US man denies he’s Bitcoin creator

A man named as being the enigmatic creator of Bitcoin on Thursday denied having a role in the virtual unit, telling reporters he was “not involved.”

In an exclusive report, Newsweek identified a 64-year-old Japanese-American physicist as being the mysterious person known as “Satoshi Nakamoto” behind the Bitcoin revolution.

However the man, who told Associated Press his name is Dorian Prentice Satoshi Nakamoto, told reporters outside his modest two-story house in suburban Los Angeles: “I’m not involved in Bitcoin.”

Since its 2009 launch, the Bitcoin phenomenon has been hailed as a financial revolution, despite scandals over its use in drug trafficking and money laundering.

Nakamoto, who was pursued by a media pack as he drove off for an interview at the AP’s offices, told the agency that the first time he heard of Bitcoin was when his son told him he had been contacted by a Newsweek reporter three weeks ago.

He said he phoned police when the magazine’s reporter knocked on his door.

While acknowledging that some of the biographical details in the Newsweek report were true, Nakamoto denied its claim that he was “the face behind Bitcoin.”

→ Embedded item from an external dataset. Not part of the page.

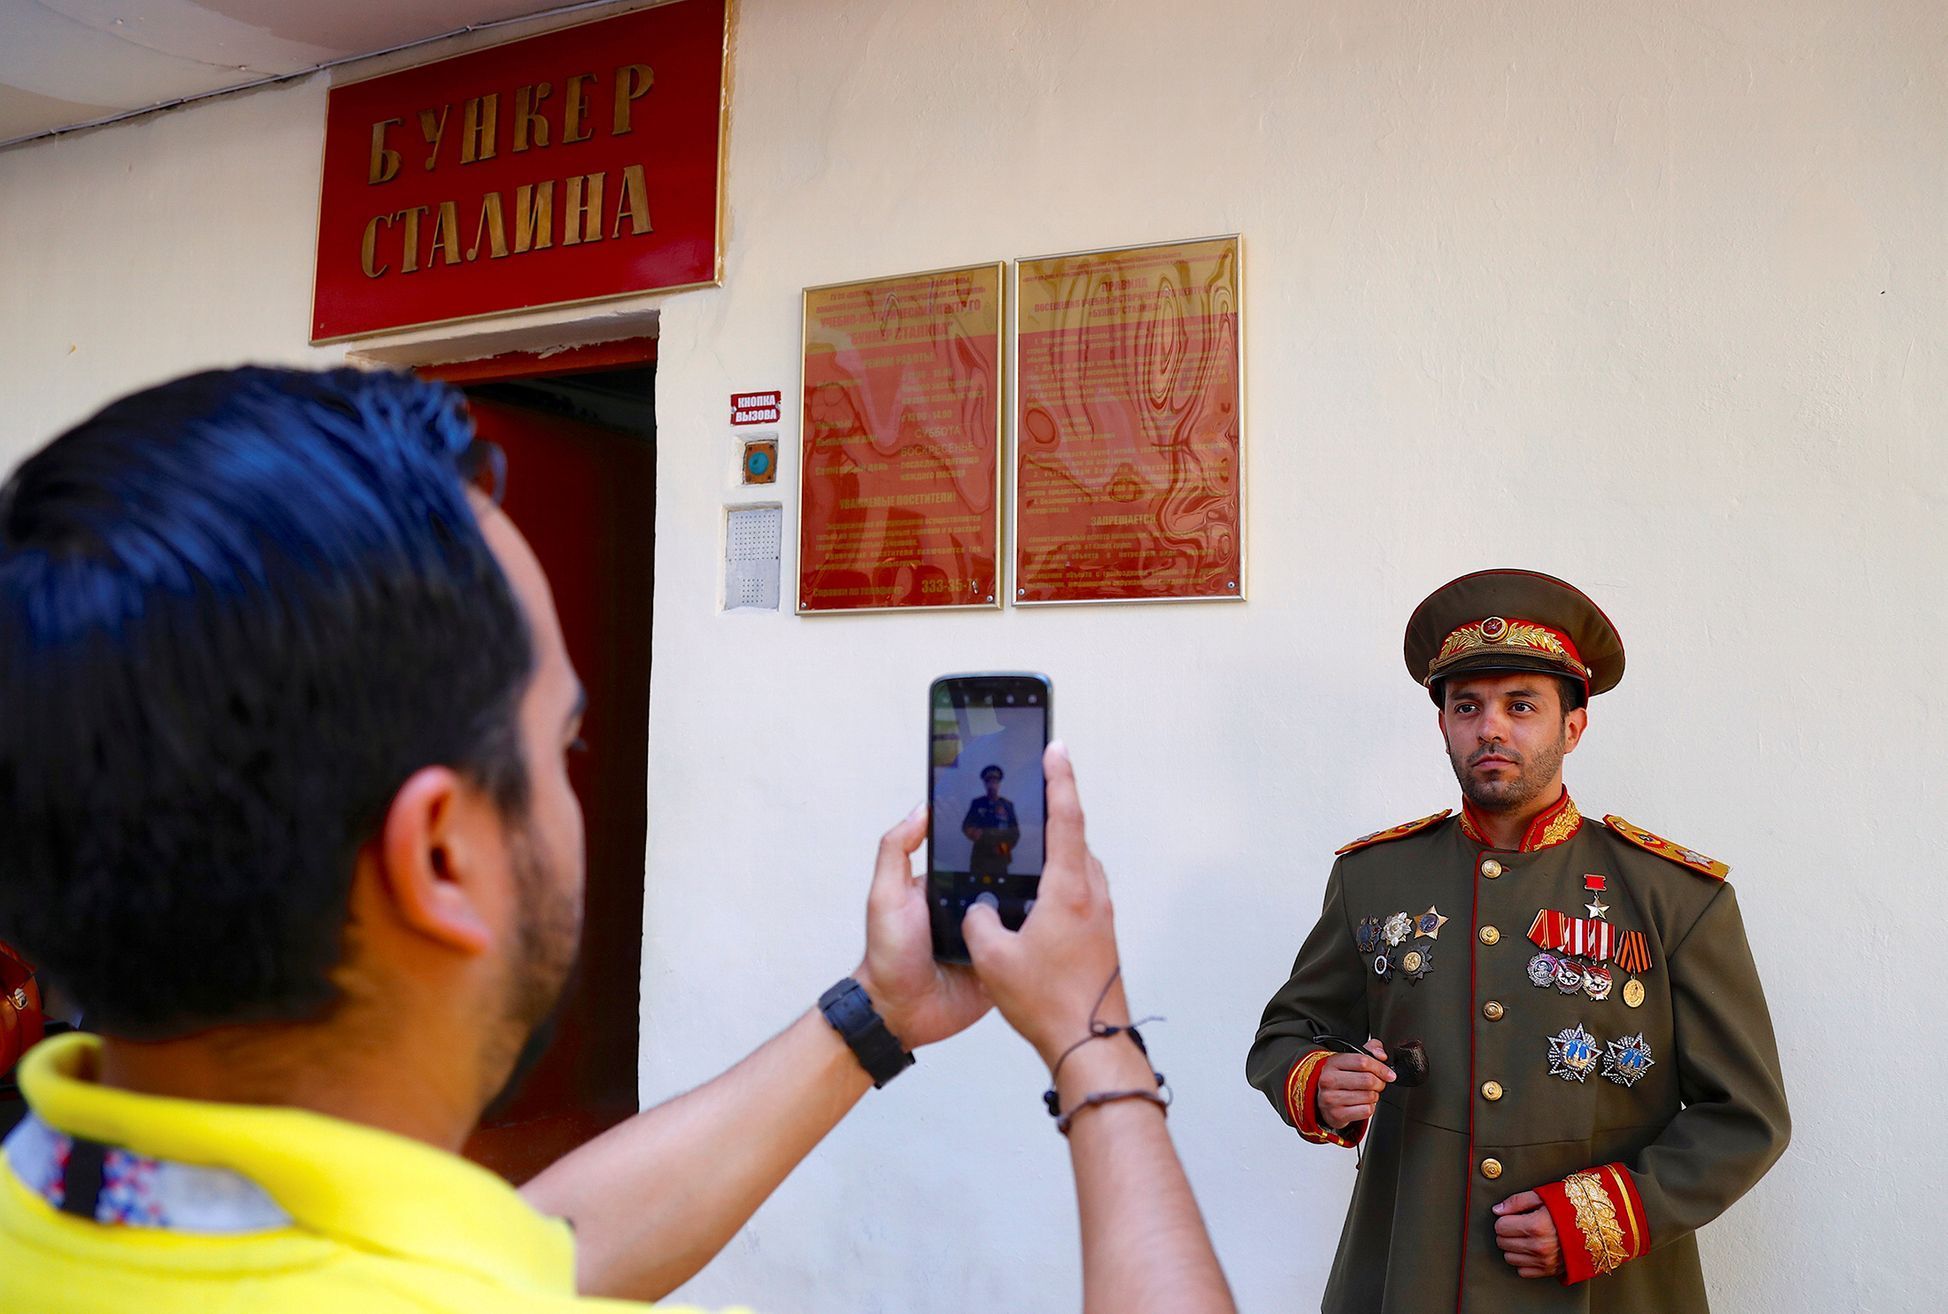 Fotogalerie / Stalinův bunkr / Reuters / 3
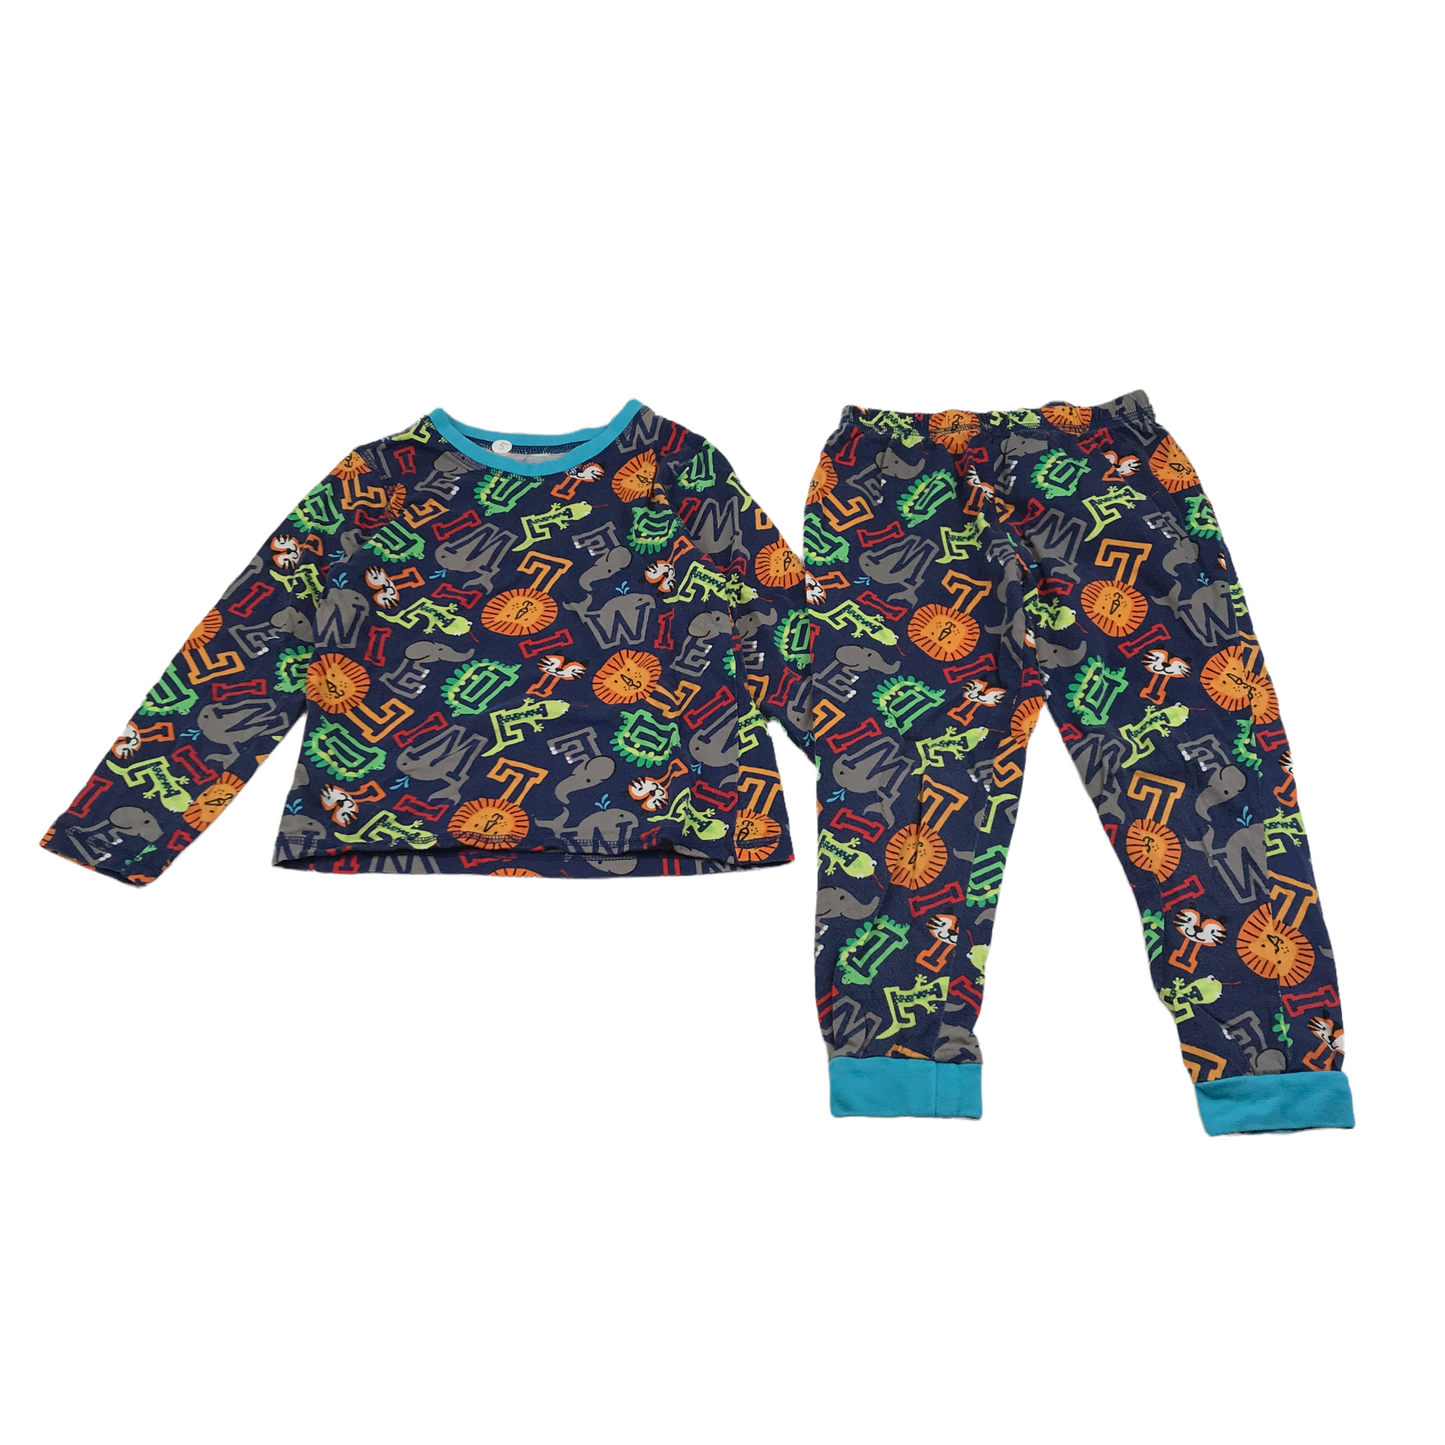 George Navy Multicolour Print Pyjama Set Age 5

But Newsweek stood by its story, saying his career involved classified work as a systems engineer for the US government and that he initially tacitly acknowledged his role in creating the crypto-currency that has rocked the banking world.

The Bitcoin Foundation, which supports the development of the currency, would not confirm Newsweek’s story.

“We have seen zero conclusive evidence that the identified person is the designer of Bitcoin. Those closest to the Bitcoin project, the informal team of core developers, have always been unaware of Nakamoto’s true identity, as Nakamoto communicated purely through electronic means,” it said.

Gavin Andresen, chief scientist of the Bitcoin Foundation, said he had corresponded online with a man called Satoshi Nakamoto from June 2010 to April 2011 as they refined the Bitcoin code.

But they never spoke on the telephone and Andresen did not learn anything about his personal life.

After trading for cents per Bitcoin for the first two years of its existence, it began a frenzied climb in 2011 that took it to $US40 ($A44.16) a coin in late 2012 and $US1100 last year, before falling off to the current $US650 level.

Meanwhile, Japan’s government said that Bitcoin is not a currency but that it could be “subject to taxation,” in a move that might pave the way for formal regulation.